Здесь, в автомобиле, по дороге с фронта на Тарнополь, мы окончательно решились на наступление. Я также решил, что с началом наступления генерал Брусилов будет уже не на Галицком фронте, а в Ставке в Могилеве. Я, как главнокомандующий, не говорил об этом Брусилову, так как нужно было сначала получить согласие Временного правительства на устранение генерала Алексеева.

С Юго-Западного фронта я отправился в Одессу, а оттуда в Севастополь, чтобы уладить разногласия между экипажами Черноморского флота и командующим адмиралом Колчаком.

Черноморская драма

Адмирал Колчак был блестящим моряком, любимцем офицеров и солдат. В начале революции он быстро сориентировался в новых условиях и спас Черноморский флот от ужасов, пережитых Балтийским флотом. Конечно, в Севастополе, как и везде, были созданы комитеты. Был Центральный комитет Черноморского флота, поддерживаемый сетью комитетов на различных судах и среди береговых команд. Но эти комитеты состояли как из офицеров, так и из солдат. Собственные отношения адмирала Колчака с ЦК были превосходны.

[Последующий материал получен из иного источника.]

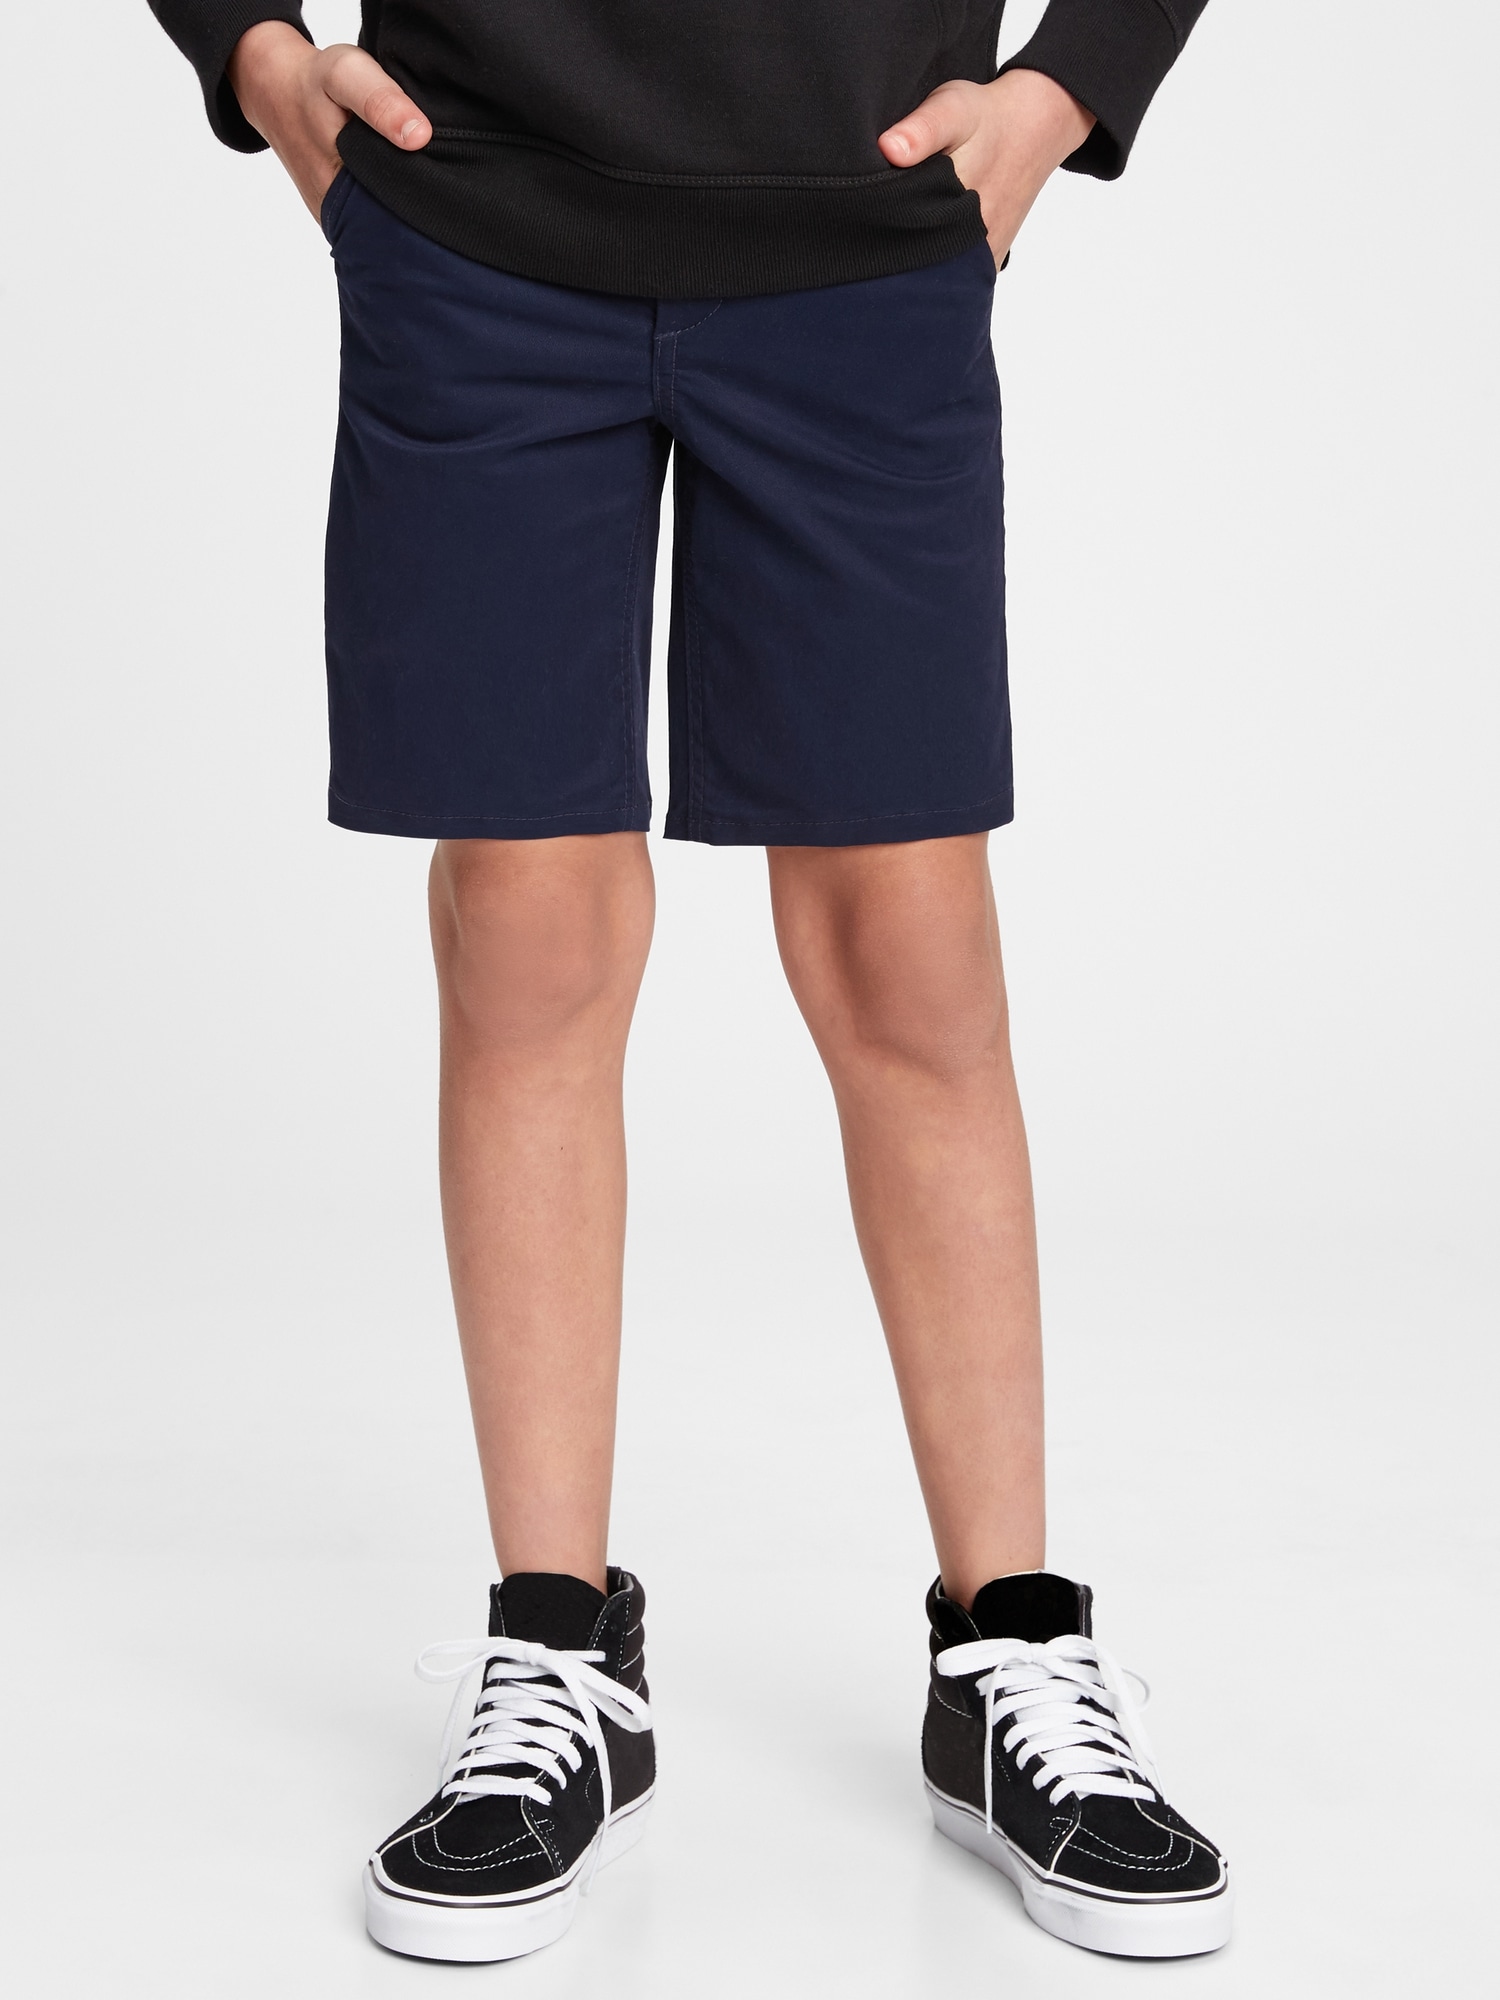 Kids Uniform Dressy Shorts with Washwell | Gap

О настроениях, господствовавших на Черноморском флоте, можно судить по тому, что еще в середине мая, когда я приехал в Севастополь, не только среди офицеров, но и среди солдат было много желающих провести десантную операцию в Босфоре. Командование Черноморского флота оставалось неприступной крепостью против пропаганды германской и большевистской агентуры. Именно с берегов Черного моря в армию пошли первые призывы к долгу и дисциплине. А с Черноморского флота приезжали на фронт целые делегации для пропаганды обороны и поддержки наступления. Ввиду такого отношения соответствующих командований какие-либо разногласия между Колчаком и комитетами казались невозможными. Тем не менее, совершенно неожиданно разгорелся конфликт.

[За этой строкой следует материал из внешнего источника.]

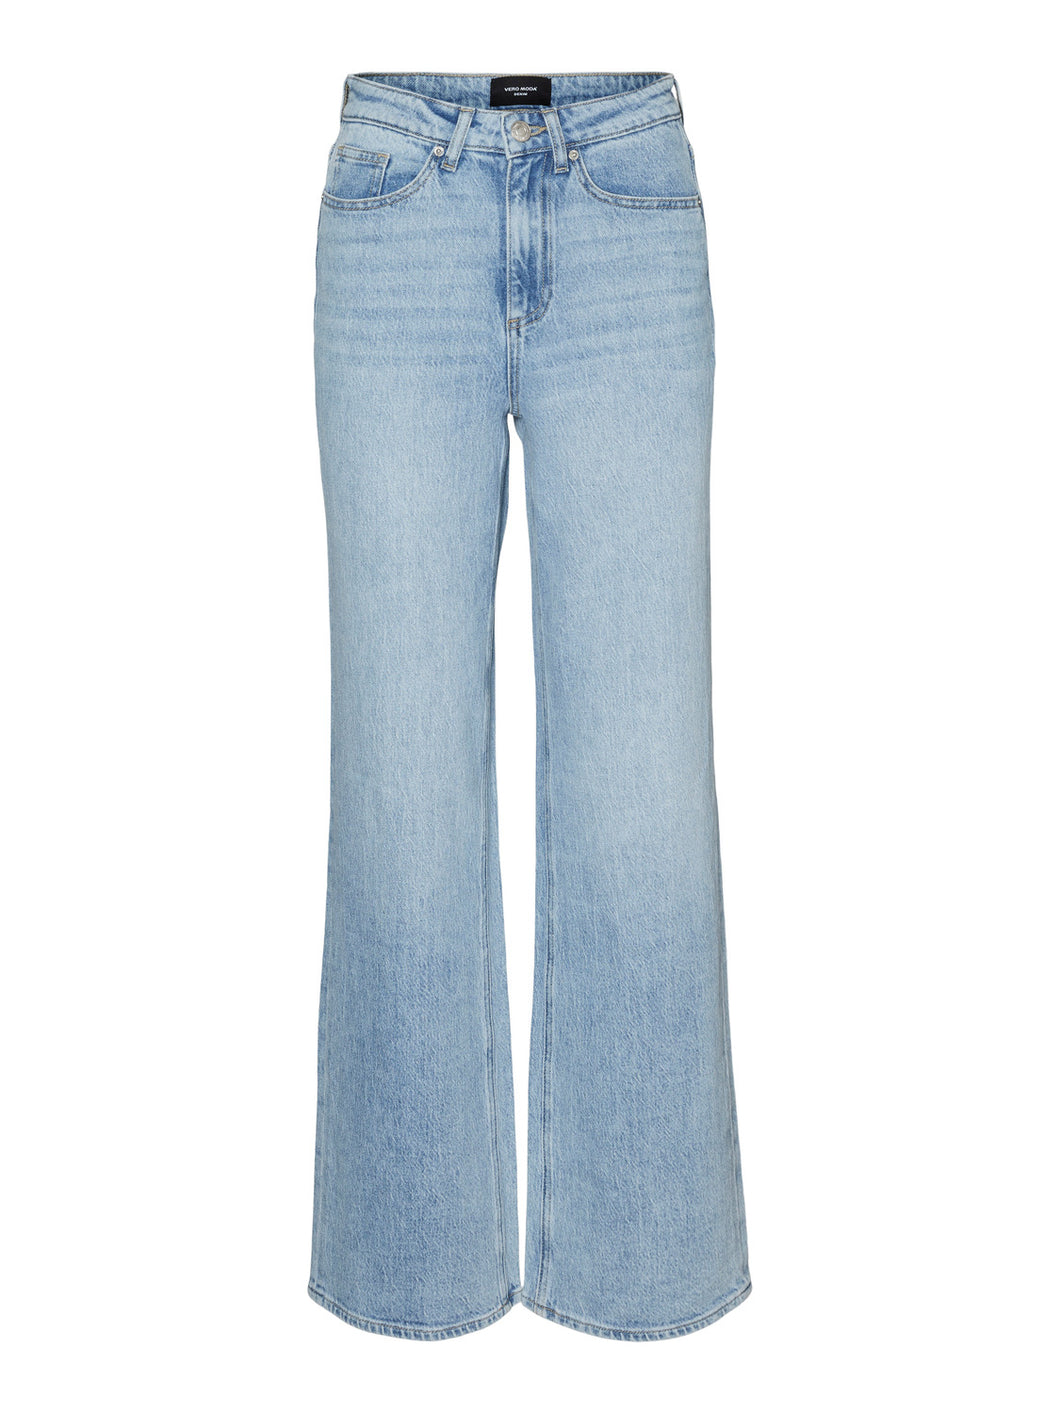 VMTESSA Jeans - Light Blue Denim

Я не могу вспомнить сейчас вопрос, о котором идет речь. Я полагаю, что речь шла о некотором вмешательстве со стороны ЦК в административные обязанности адмирала. Более конкретный вопрос не важен. Главной была настоящая причина. Привыкший к всеобщему восхищению и абсолютному авторитету, адмирал не мог смириться с сознанием того, что теперь у него появился конкурент — ЦК. Разногласия были не столько политическими, сколько психологическими.